The spirit of Atlanta Ballet’s Wabi Sabi troupe — the former off-season company known for outdoor performances — has found a home in Atlanta Ballet 2, a new training ensemble aiming to bridge the gap between school and company. The troupe of 14 talented young dancers from across the globe will debut next season with the world premiere of Bruce Wells’ “Beauty and the Beast” and a new series of performances around town, including outdoor offerings in concert with Mother Nature.
Atlanta Ballet Artistic Director Gennadi Nedvigin will announce the new ensemble Saturday evening, May 20, at the Atlanta Ballet Centre for Dance Education’s 20th anniversary gala celebration at the Cobb Energy Performing Arts Centre.

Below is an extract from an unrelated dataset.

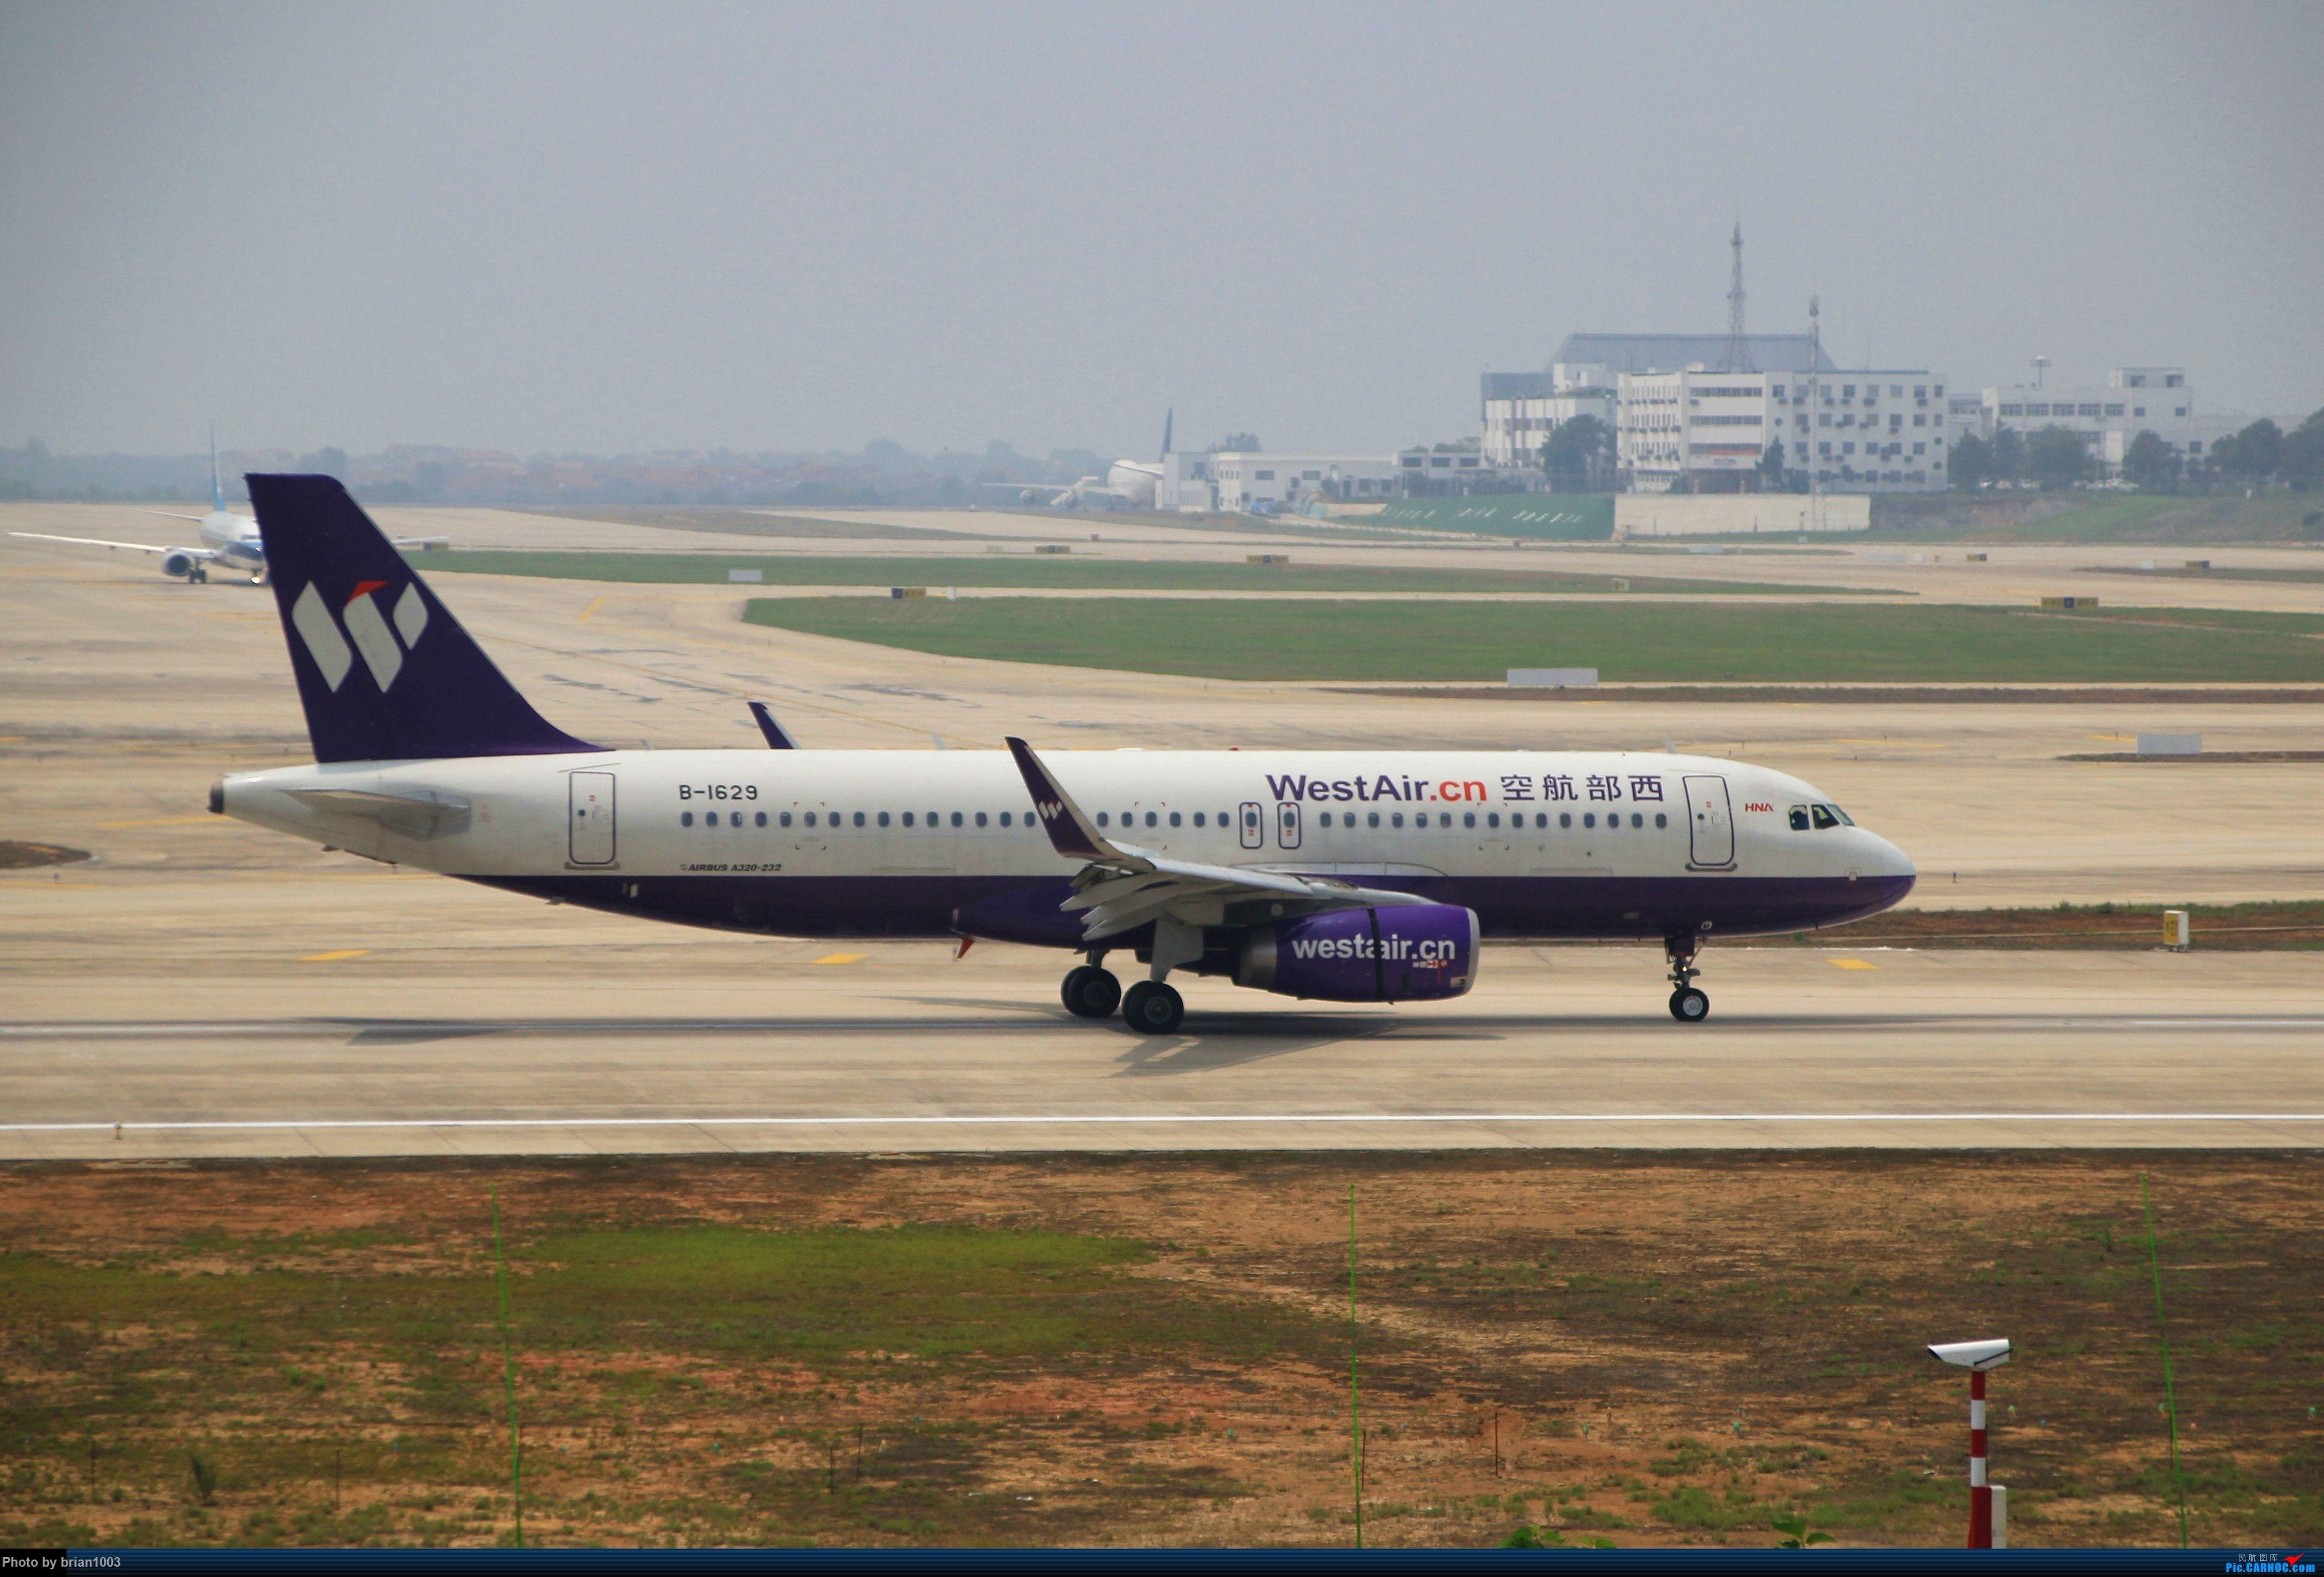 Re:[原创]WUH武汉天河机场拍机之二跑最后忙碌时 AIRBUS A320-200 B-1629 中国武汉天河国际机场

Like the school’s current Fellowship training program, Atlanta Ballet 2 aims to prepare talented, top-level students, ages 17-21, for professional careers with Atlanta Ballet and elsewhere. It will also fill out the ranks of large-cast company productions.
Many professional dance companies have second companies. Atlanta Ballet 2 resembles these troupes, while emphasizing training and education. It’s designed to give young dancers a chance to experience the demands of life as a professional dancer, to strengthen their technique through intensive training, and to develop their artistry through performing.
Former Atlanta Ballet dancer Tara Lee, who danced with Joffrey II early in her career, explained how the experience prepared her for a professional career.
“You learn how to pace yourself throughout the day,” she said. “You learn to run all types of repertory, how to use class as a support, and how to facilitate a choreographer’s creative process.” Professional dancers tend to receive fewer corrections from teachers, she said. “You learn how to be your own teacher.”
Atlanta Ballet’s Fellowship program was established in 1997 to achieve similar goals, and to meet the company’s needs for dancers in large-scale productions. At that time, the school’s top students weren’t quite ready for the professional stage, said Sharon Story, dean of Atlanta Ballet’s Centre for Dance Education. She helped develop a program offering special classes and company classes tuition-free, with a stipend and dance shoes provided. At first, Fellowship dancers also performed early morning school shows, which phased out as the company needed more dancers for larger story ballets.
In recent years, Atlanta Ballet’s repertory turned to smaller-cast ensemble works, which reduced the need for Fellowship students. Work for them became more sporadic, Story said. Three or four weeks often went by without a full day of rehearsals.
The inconsistent schedule made it difficult for Fellowship students to stay in top physical condition. As Nedvigin planned the company’s 2017-18 season, featuring “The Nutcracker,” “Don Quixote,” Act III from “Swan Lake” and three more world premieres — plus rehearsals for Yuri Possokhov’s new “Nutcracker” — it became clear that the students needed more consistent training, Story said.
In addition, dancers needed to be ready to compete for spots in the company. “We had to make sure that they were as invested in us as we were invested in them,” Story said. PNC Financial Services Group, a patron of the school’s outreach and community programs, is providing substantial support.
Atlanta Ballet 2 offers dancers a full-time, 36-week contract and training program that will run parallel to the main company’s 38-week contract. The students’ daily schedule will run consistently with the company’s. Students will have a dedicated teacher, or coach, and will take additional classes in partnering, contemporary dance, character dance and repertory variations.
When they’re not in class, or rehearsing with the main company, AB2 dancers will be preparing a series of hourlong concerts for performances in venues across the metro area and perhaps the region.
Nedvigin looks forward to bringing in emerging dance-makers — and company members who want to choreograph — to experiment with AB2 dancers, refine their crafts and possibly contend for main company commissions. Venues, such as Kennesaw State University’s Dance Theater, the High Museum of Art, and the Atlanta Botanical Garden, are the kinds of gateways Nedvigin seeks to cultivate audiences and discover new talent.